--- Listed records Enclosed Below ---

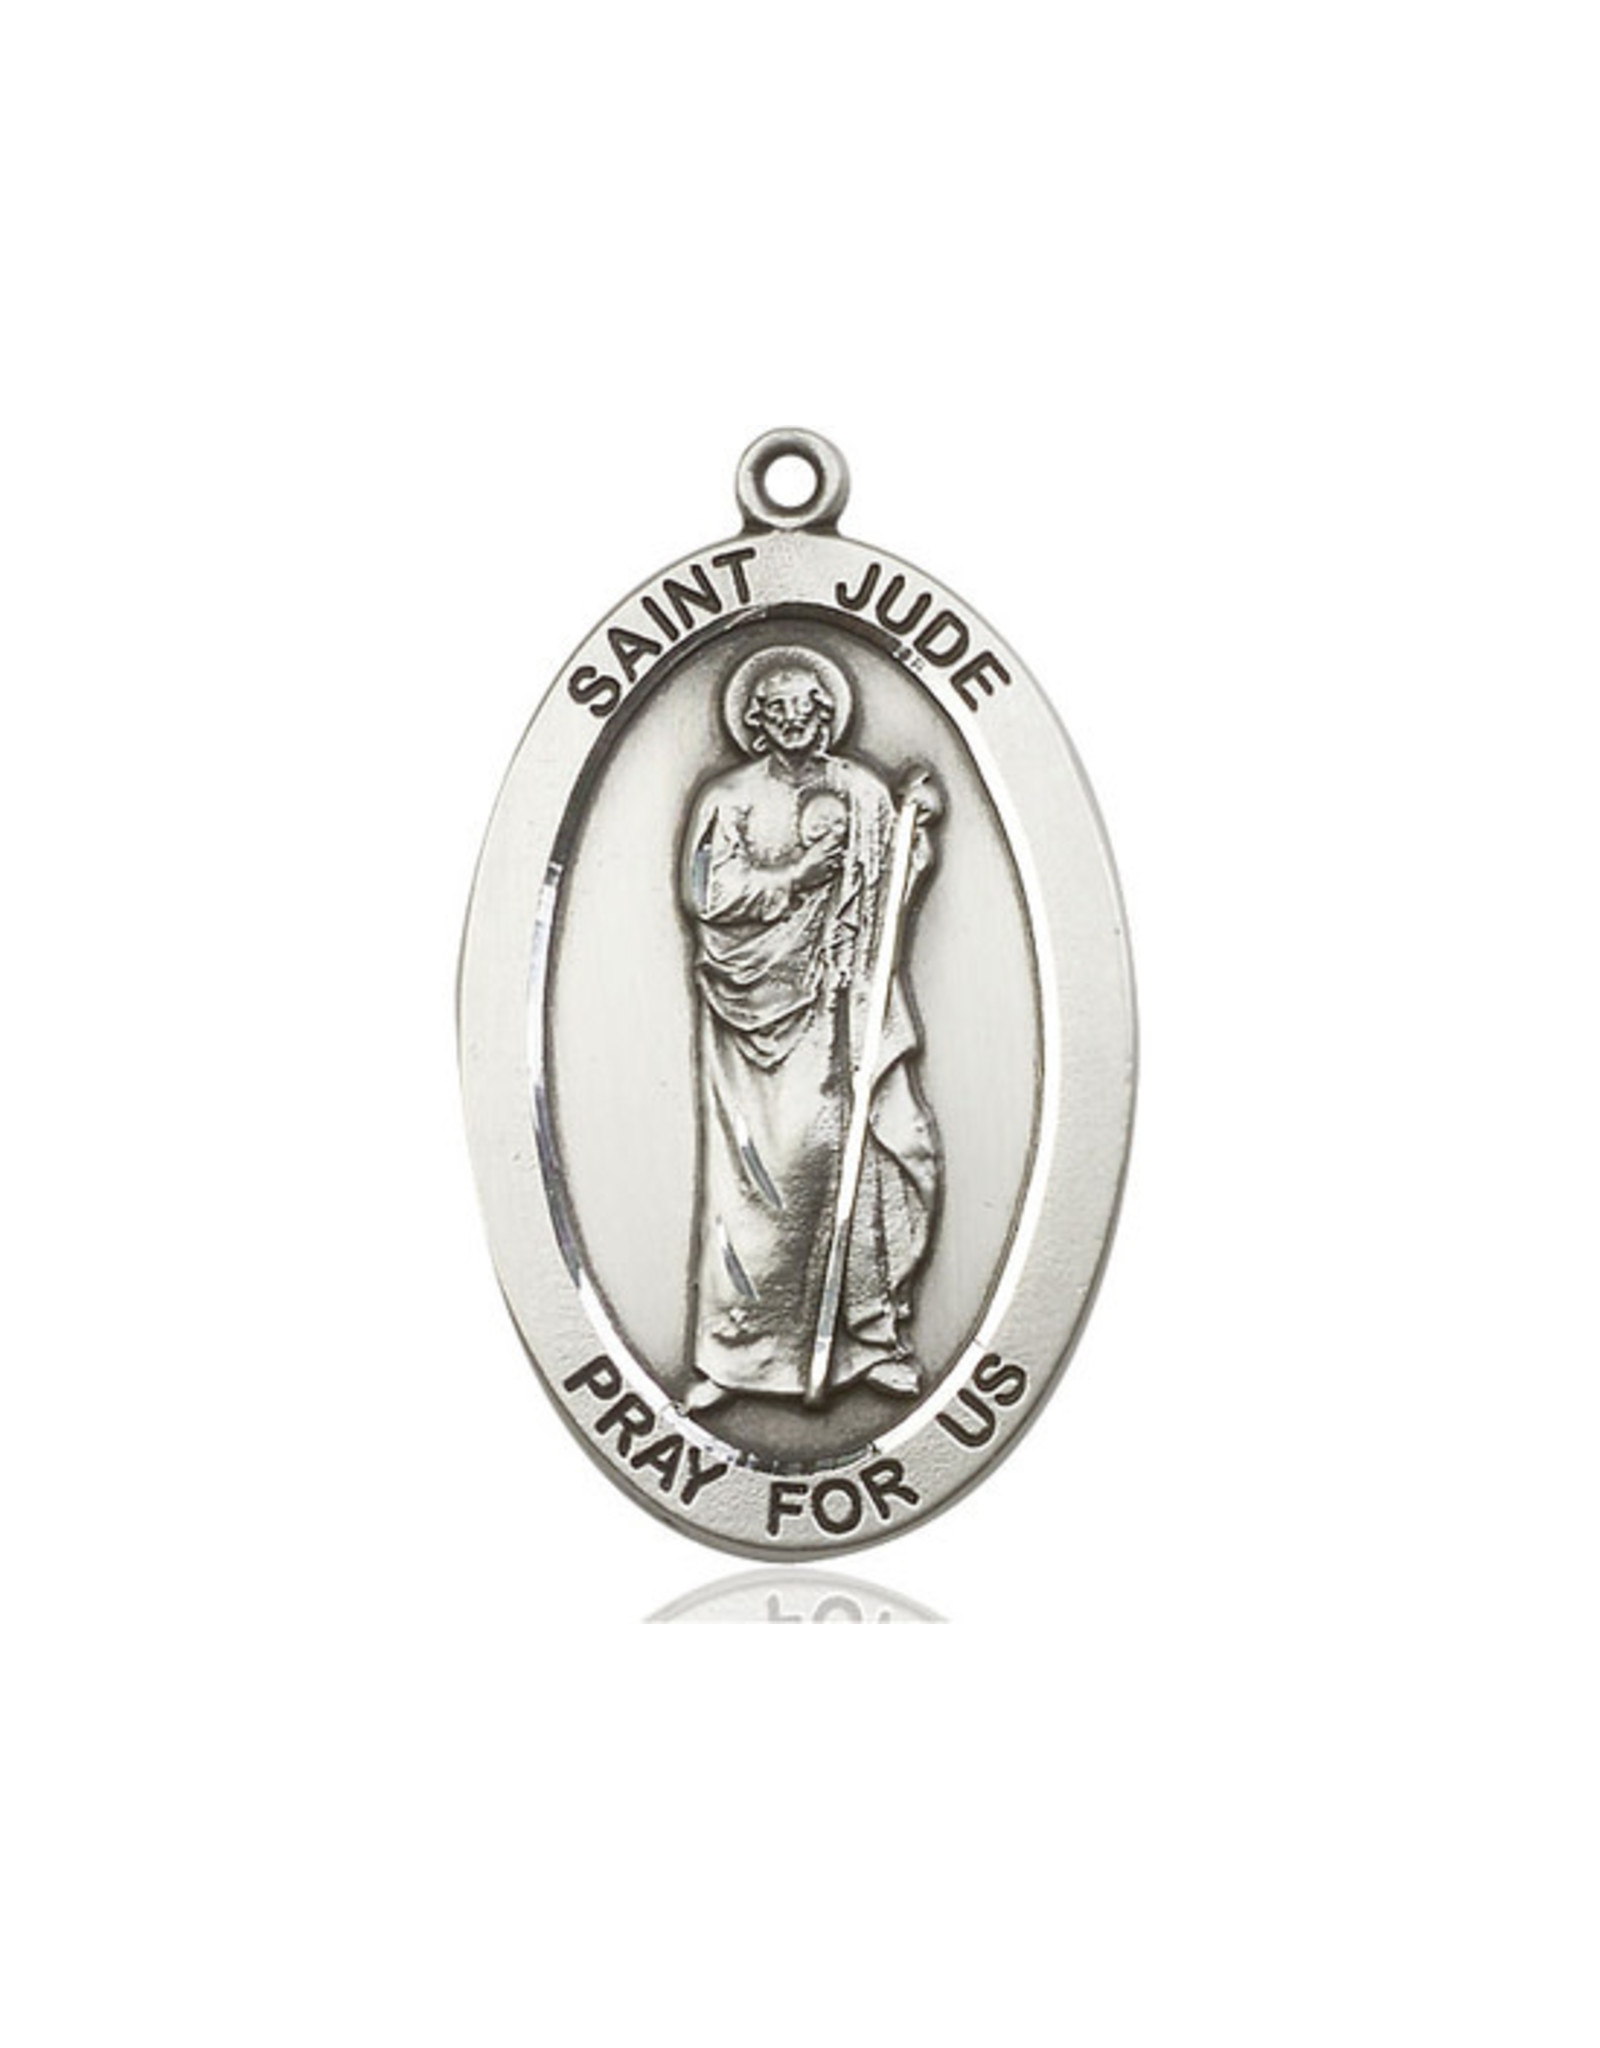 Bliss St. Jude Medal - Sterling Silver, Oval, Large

--- End of Enclosed Listed records ---
--- Listed records Enclosed Below ---

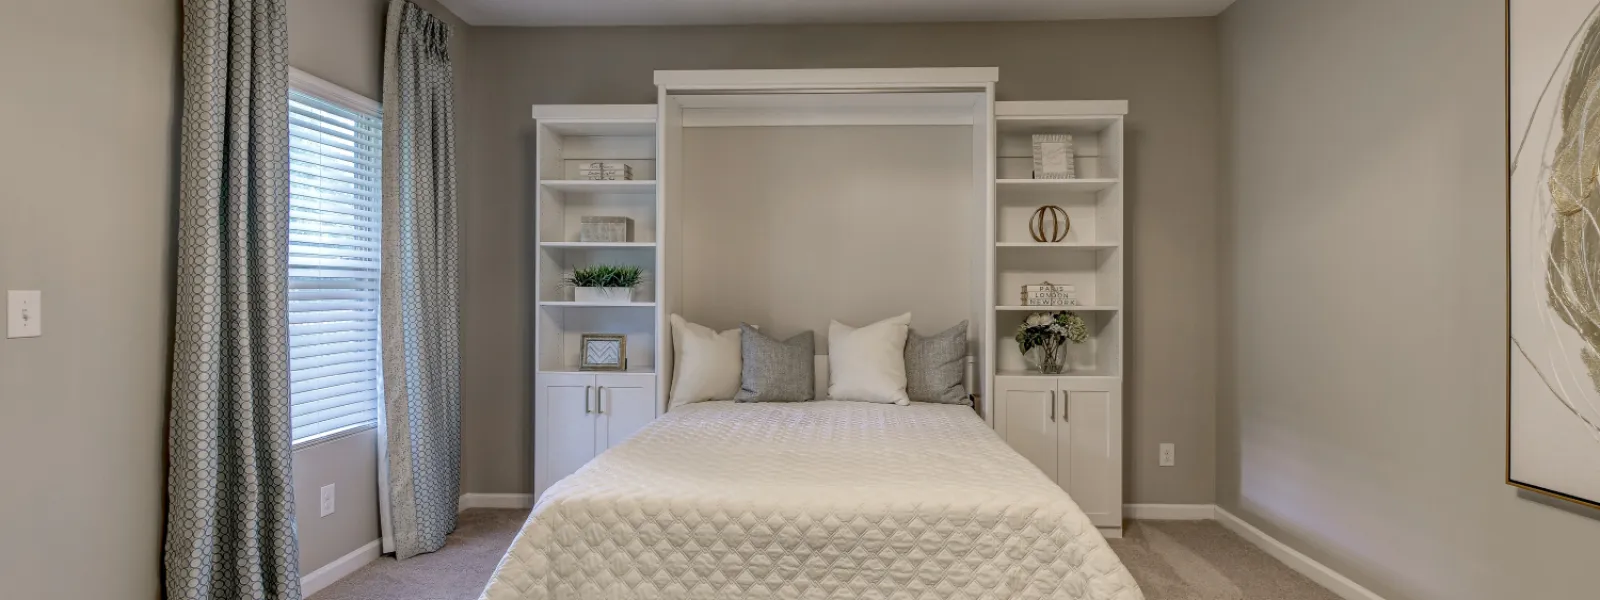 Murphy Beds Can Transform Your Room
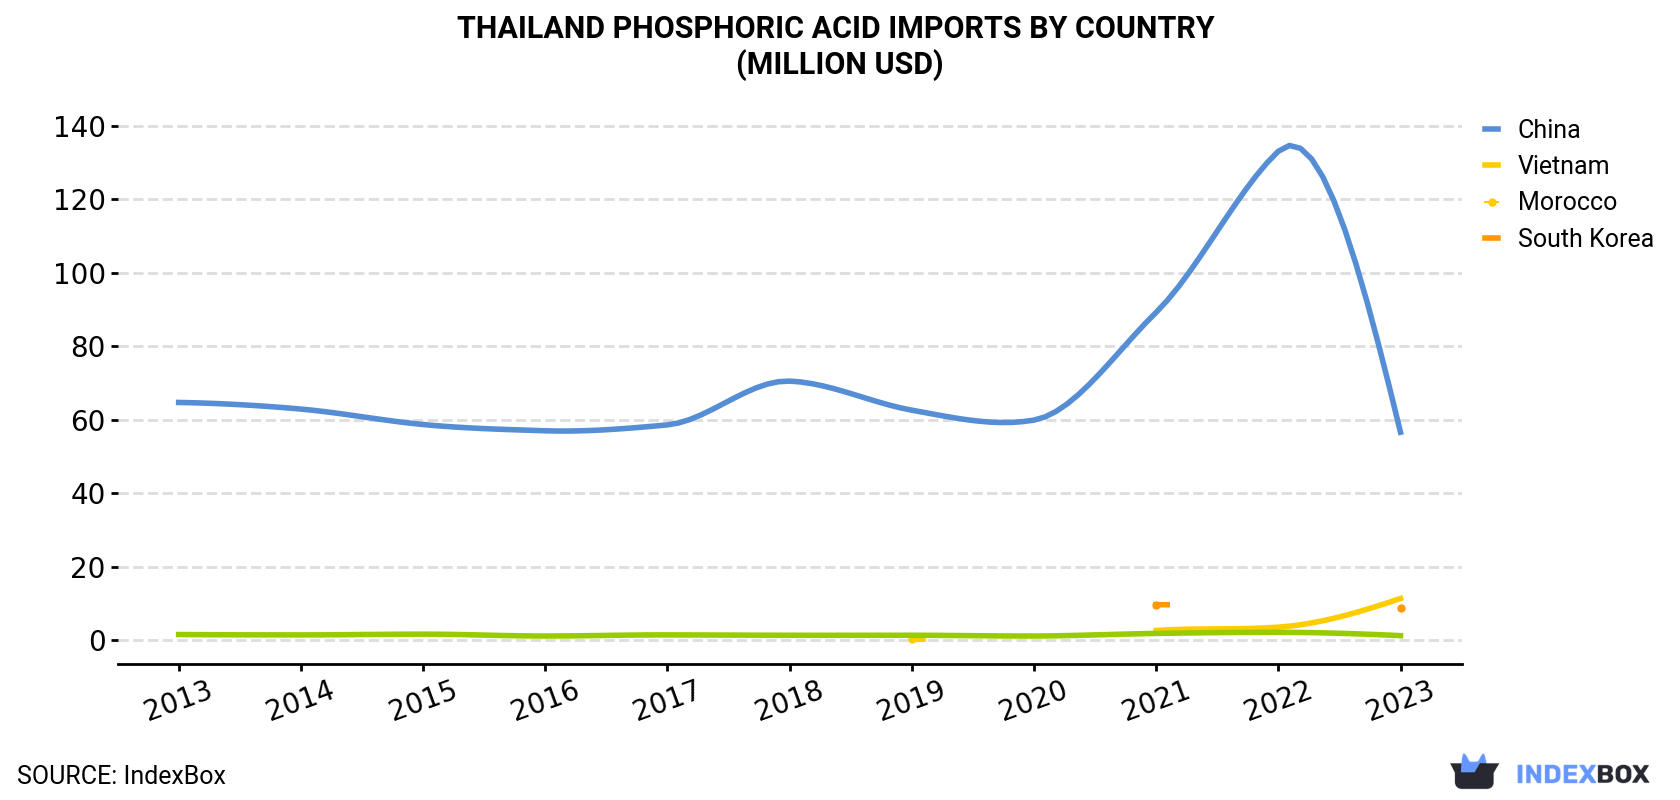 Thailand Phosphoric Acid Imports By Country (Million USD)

--- End of Enclosed Listed records ---

*Your objective*
The line holding "Murphy Beds Can Transform Your Room" starts the copy and the line holding "Thailand Phosphoric Acid" ends it. Repeat those two lines above and all between them exactly, leaving out pictures.

*Task response*
 Murphy Beds Can Transform Your Room
 Thailand Phosphoric Acid Imports By Country (Million USD)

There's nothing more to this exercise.